Sheriff: SF Should Honor Sanctuary City Policy

By Kamika Dunlap on May 20, 2010 | Last updated on March 21, 2019

The San Francisco sheriff is looking to opt out of the Secure Communities program and says the city should honor its sanctuary city policy.

The federal program scheduled to begin on June 1, which uses the fingerprints of arrestees to check their immigration status, undermines San Francisco's long-standing sanctuary city policy, the Associated Press reports.

Sheriff Michael Hennessey said the Secure Communities program is in direct conflict with the city's policy that that requires law enforcement to report only those born outside the U.S. who are booked for felonies.

San Francisco's sanctuary city policy has been in place since 1989.

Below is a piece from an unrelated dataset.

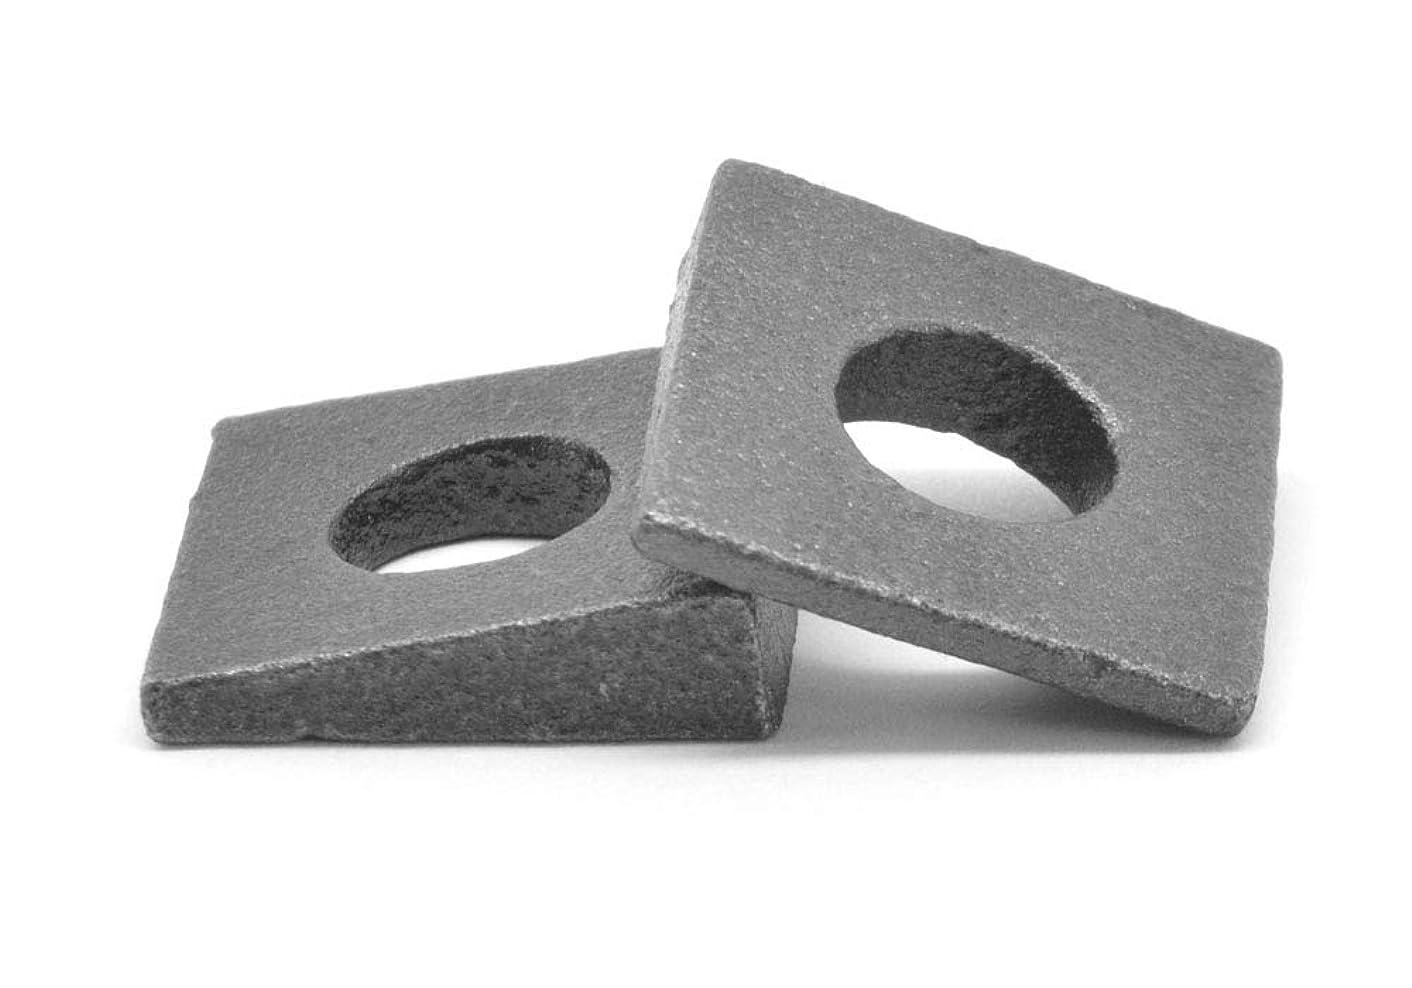 5/16 Square Beveled Malleable Washer Malleable Iron Plain Finish Pk 25
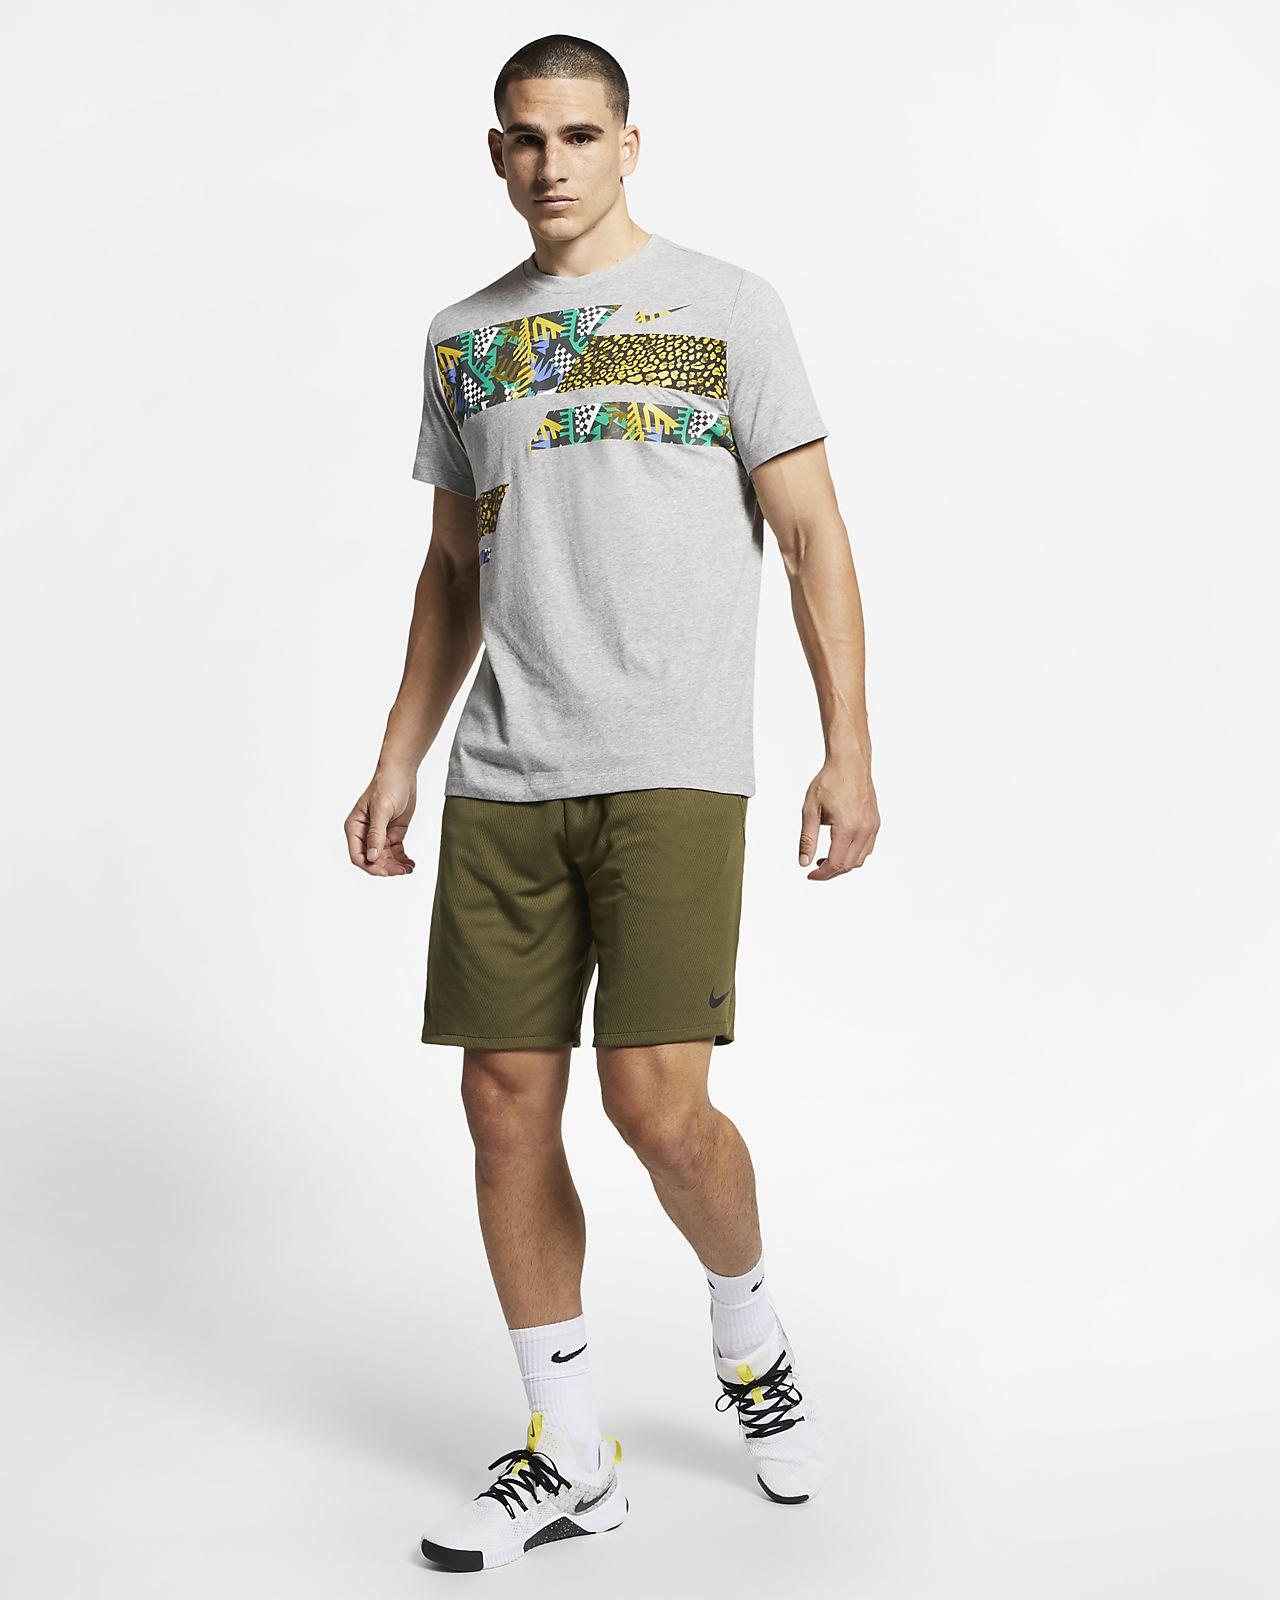 a1ad2bdb1 Nike Dri-FIT Men's Hooded Short-Sleeve T-Shirt. Nike.com

As a result, the sheriff sent a letter to the California attorney general requesting that the state Department of Justice not share the city's fingerprint data with federal immigration authorities.

As previously discussed, Secure Communities is a federal program which will automatically link the fingerprint databases of state justice departments with a database used by the U.S. Immigration and Customs Enforcement Agency.

In addition the program, which has been rolled out in more than 160 local jurisdictions and is expected to be nationwide by 2013, automatically checks the immigration status of anyone arrested or booked for either a misdemeanor or felony.

Secure Communities program officials say the new system has been a help to public safety and saves law enforcement officers time and money. It also is said to remove the risk of allegations of racial profiling.

But critics say that people booked for even minor offenses could be swept into the federal immigration system.

Today, more than 20 states and several California counties have already implemented the program.